▶ [Problem]: Would you output the listing exactly, with every image omitted?

▶ [Information provided]:
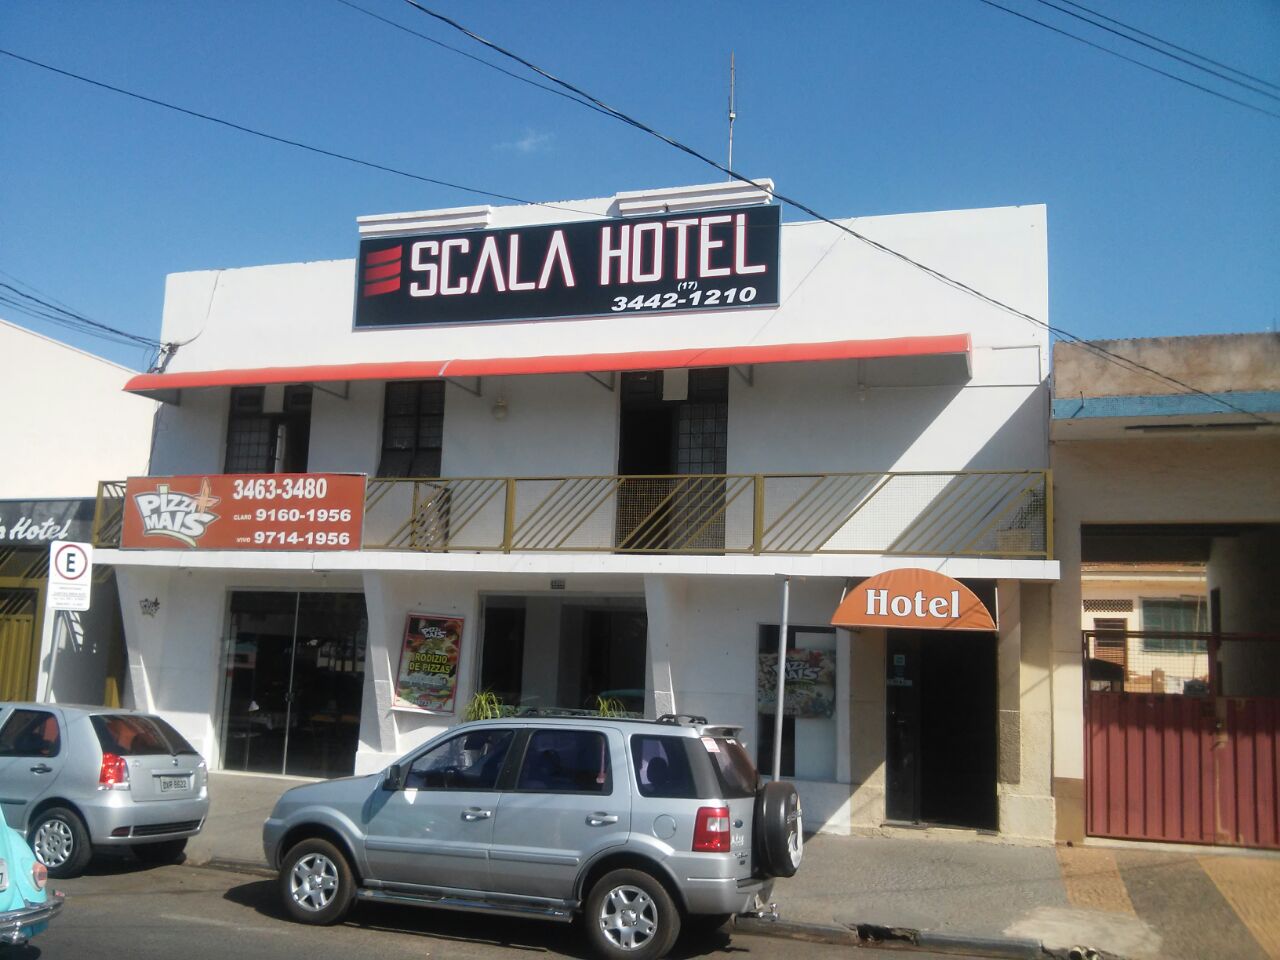 SCALA HOTEL - Hotéis - Fernandópolis, SP
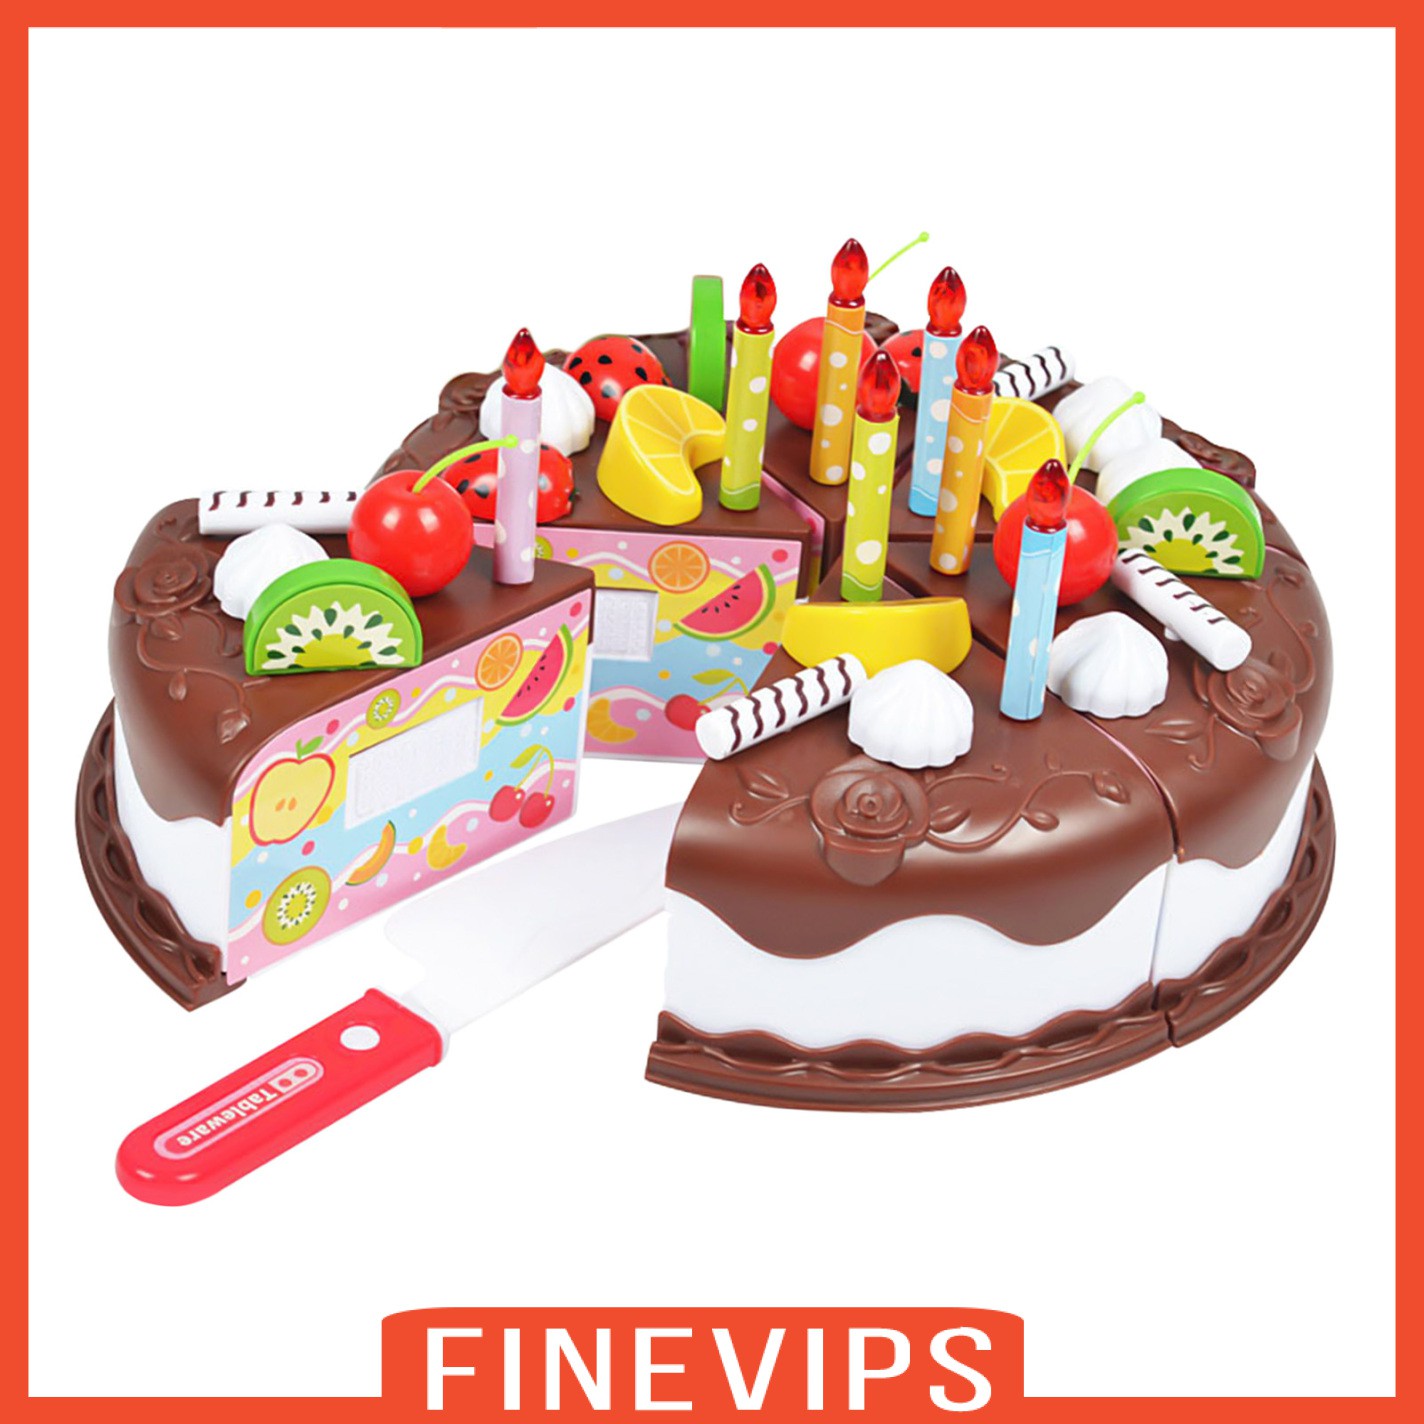 [FINEVIPS] 37 Pcs DIY Birthday Fruit Cake Set Kids Pretend Play Food Toy Kitchen Shop Gifts
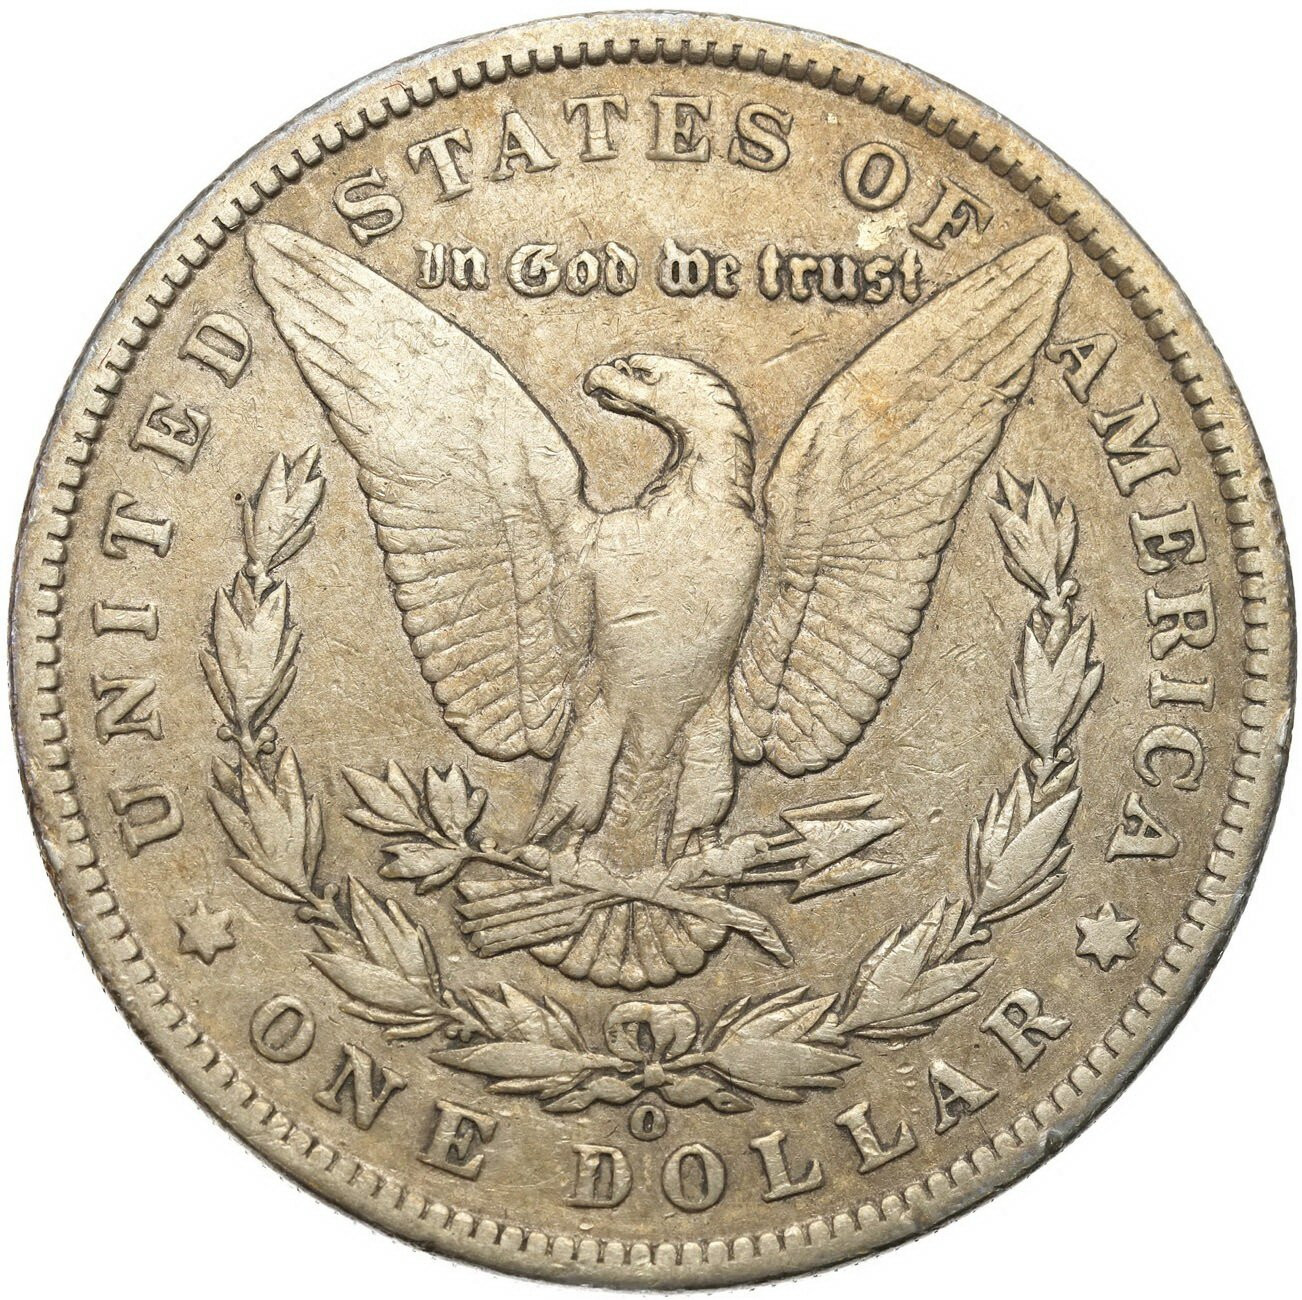 USA 1 dolar 1900 O, New Orleans

▶ [Solution to the exercise]:
 SCALA HOTEL - Hotéis - Fernandópolis, SP
 [FINEVIPS] 37 Pcs DIY Birthday Fruit Cake Set Kids Pretend Play Food Toy Kitchen Shop Gifts
 USA 1 dolar 1900 O, New Orleans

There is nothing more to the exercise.